PRELUDE: the state of a zombie node is during testing where we are purposefully knocking over a node in bad ways to test our scalability and resiliency. Although these are test cases, it could be a real world situation that we want to understand and be able to accommodate.
Running Nifi in a containerized cluster. If a node falls over gracefully, it will allow itself to be disconnected / deleted from the cluster.
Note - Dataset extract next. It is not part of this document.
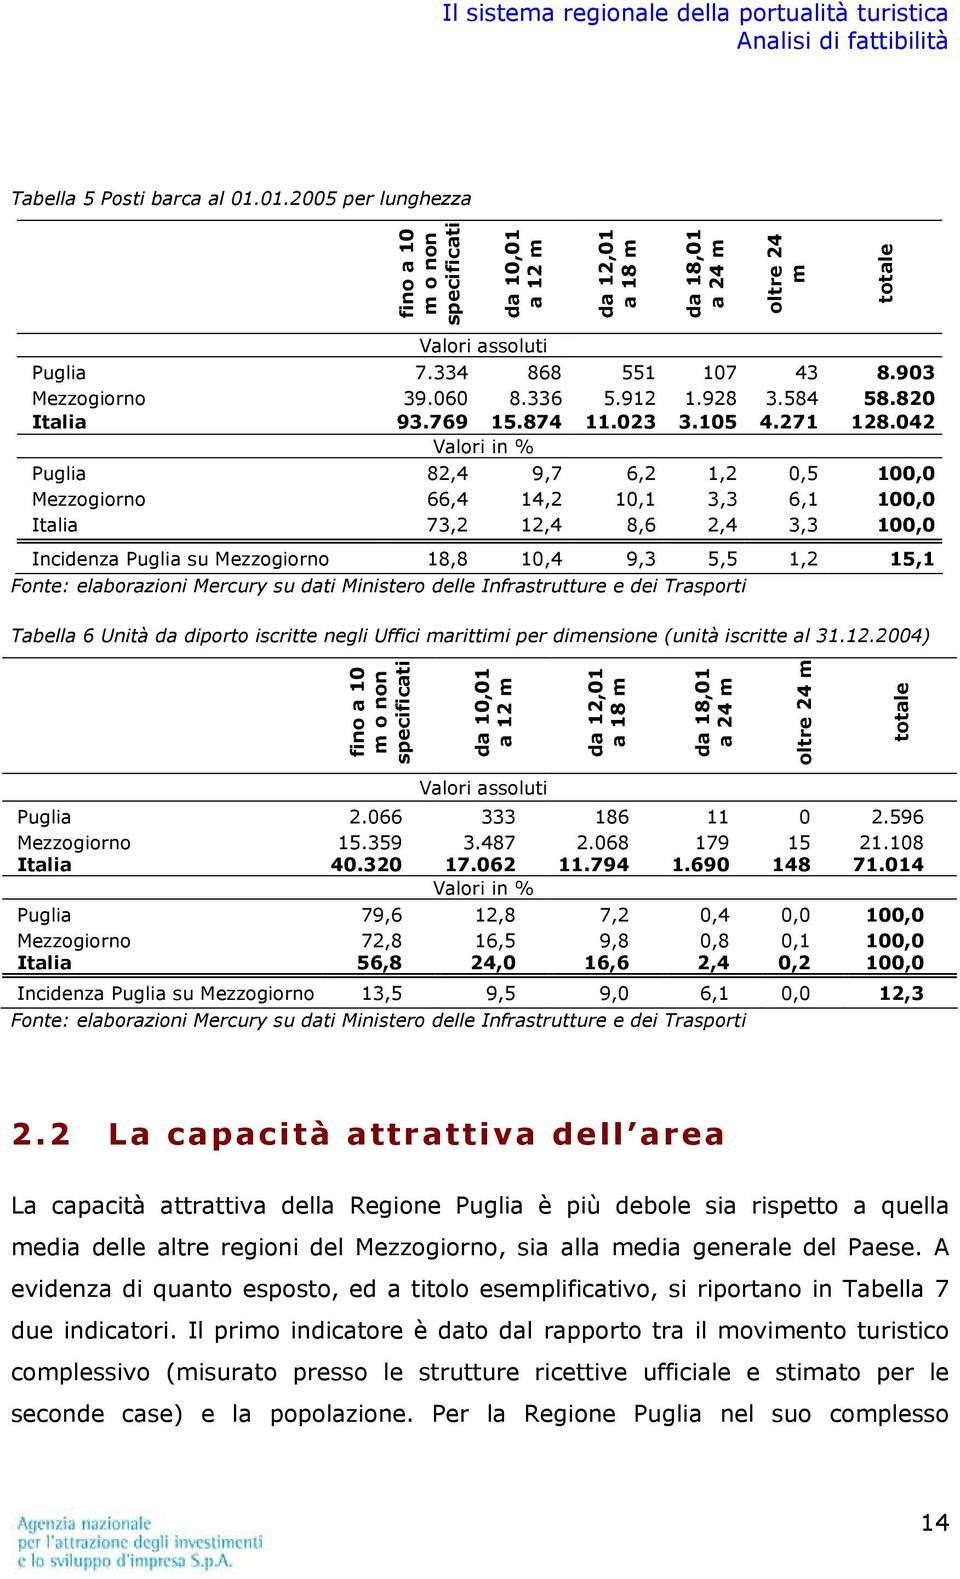 042 Valori in % Puglia 82,4 9,7 6,2 1,2 0,5 100,0 Mezzogiorno 66,4 14,2 10,1 3,3 6,1 100,0 Italia 73,2 12,4 8,6 2,4 3,3 100,0 Incidenza Puglia su Mezzogiorno 18,8 10,4 9,3 5,5 1,2 15,1 Fonte:

If a node does not fall over gracefully, and the node is terminated the cluster heartbreak detects the missing node and flags it as disconnected.
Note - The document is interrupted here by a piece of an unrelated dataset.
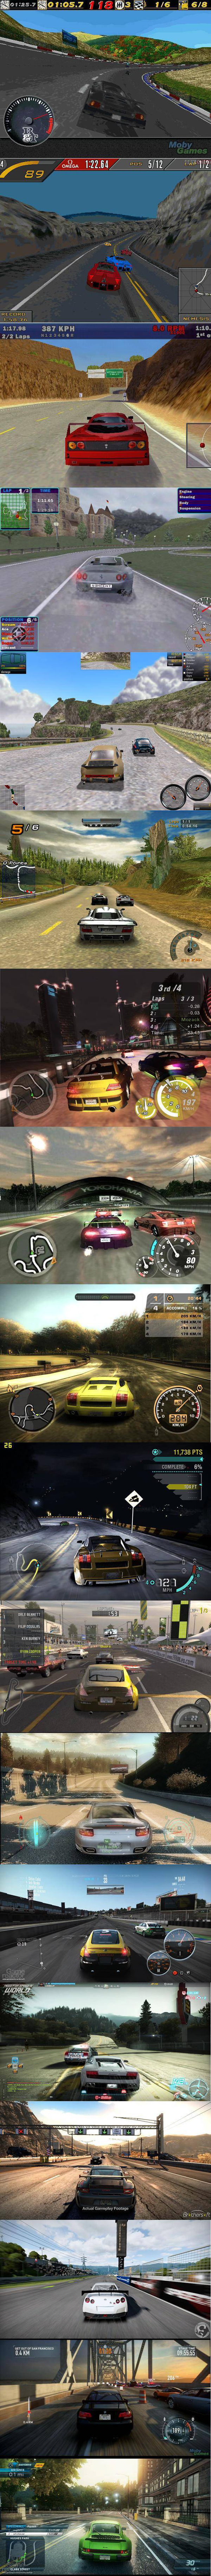 Lịch sử Need for Speed qua những tấm hình  1

In this case, neither a UI delete nor toolkit/API delete will delete the node, and returns an error
Looking through the logs, when the delete call comes in, it almost seems like the coordinator is trying to announce to all the nodes, including the zombie node of the delete, and that is what is causing the timeout.
This could be due to the Cluster thinking this node has a running job data and is trying to do the right thing and protecting us from ourselves.. However two things:
Additional observation is that if the UI is left running during this state, the UI itself (when left idle) will often just raise the same timeout message.
Occasionally, if we bounce the cluster coordinator, we are able to then disconnect the zombie node. But this isn't always the case, and more often gets into a state where the whole cluster needs to bounce in order to rectify. We would like to try to avoid needing to bounce the whole cluster to get out of the state.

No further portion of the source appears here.